Education has always been the key to reducing skyrocketing health care costs. So I, for one, am not disappointed by the fact Congress did not include provisions to eliminate PBM self-dealing within Medicaid managed care and Medicare Part D programs. Worse yet, commercial plan sponsors were left to themselves to deal with excessive PBM hidden cash flows without any help from the Build Back Better Act. Employers must step up and fight their own battles with the pharmaceutical manufacturers, consultants, and pharmacy benefit managers. The harsh reality is many purchasers of PBM services, and their advisors, don’t want lower drug prices if it has to come at the expense of their own profits or quality of life. Let that sink in for a moment. Here are three of the most undervalued PBM performance metrics.

1) Generic Substitution Rate or GSR is the rate at which generic drugs are dispensed in place of their brand equivalents. A 2020 analysis from Avalere Health finds 52% of Medicare Part D plans achieve generic substitution rates above 75%. In commercial plans, I would assume that number to be lower. Is there anyone, with an ownership mindset, and a hand on the big red button to say no?
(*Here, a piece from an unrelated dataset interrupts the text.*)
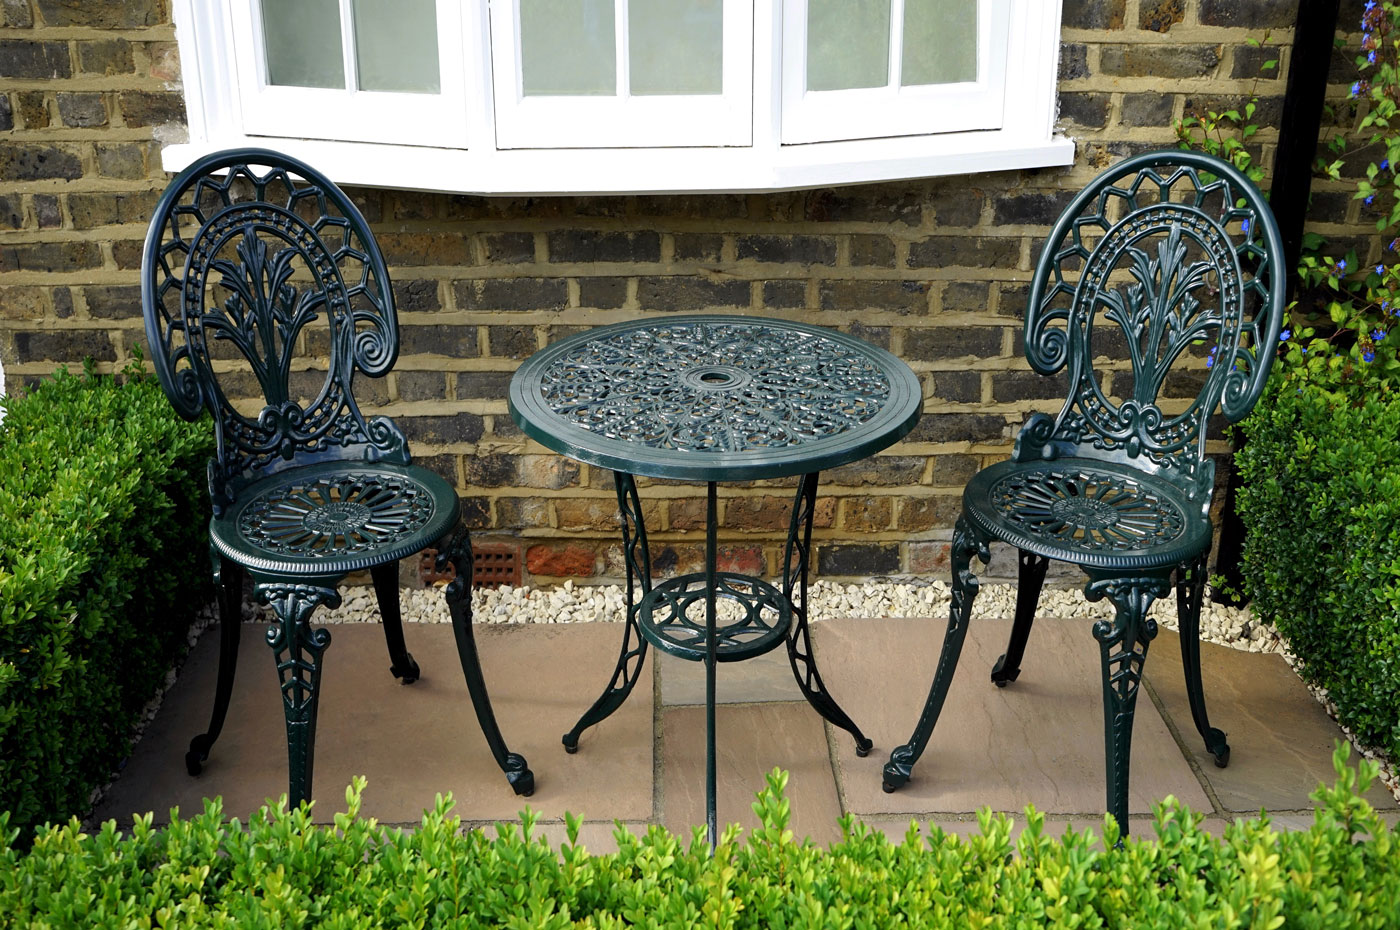 Margaret Mitchell Seguro beneficioso Cómo restaurar muebles de jardín fácilmente | Servei Estació

I can tell you that TransparentRx’s book GSR is above 98%. We are relentless in our pursuit to eliminate wasteful spending. For example, Semglee has been on our national preferred formulary for more than one year. We will remove Semglee for 2022 and replace it with unbranded Insulin Glargine. For any health plan sponsor to have a GSR below 75%, is textbook fraud, waste, and abuse. 

2) Generic Dispense Rate or GDR means the percentage of all prescription drug fills that were for generics. In 2017, GDR for Medicare Part D was reported to be 82.2%. Like GSR, the GDR should be at or above 90%. Excluding Covid-19 vaccines, TransparentRx’s book is slightly above a 90% GDR. If you include Covid-19 vaccines, we are at 86% and change through 9/30. An 80% GDR, excluding for Covid-19 vaccines, is not good. In fact, it is poor. There is no excuse for it. Prescription drug cost savings are realized with increases in GDR without any downgrade in outcomes. Each 1 percentage point increase in GDR is associated with a drop of up to 2.5% in gross pharmacy expenditures. When 90% or more of your claims are for generics, half the battle for lowest net cost is won.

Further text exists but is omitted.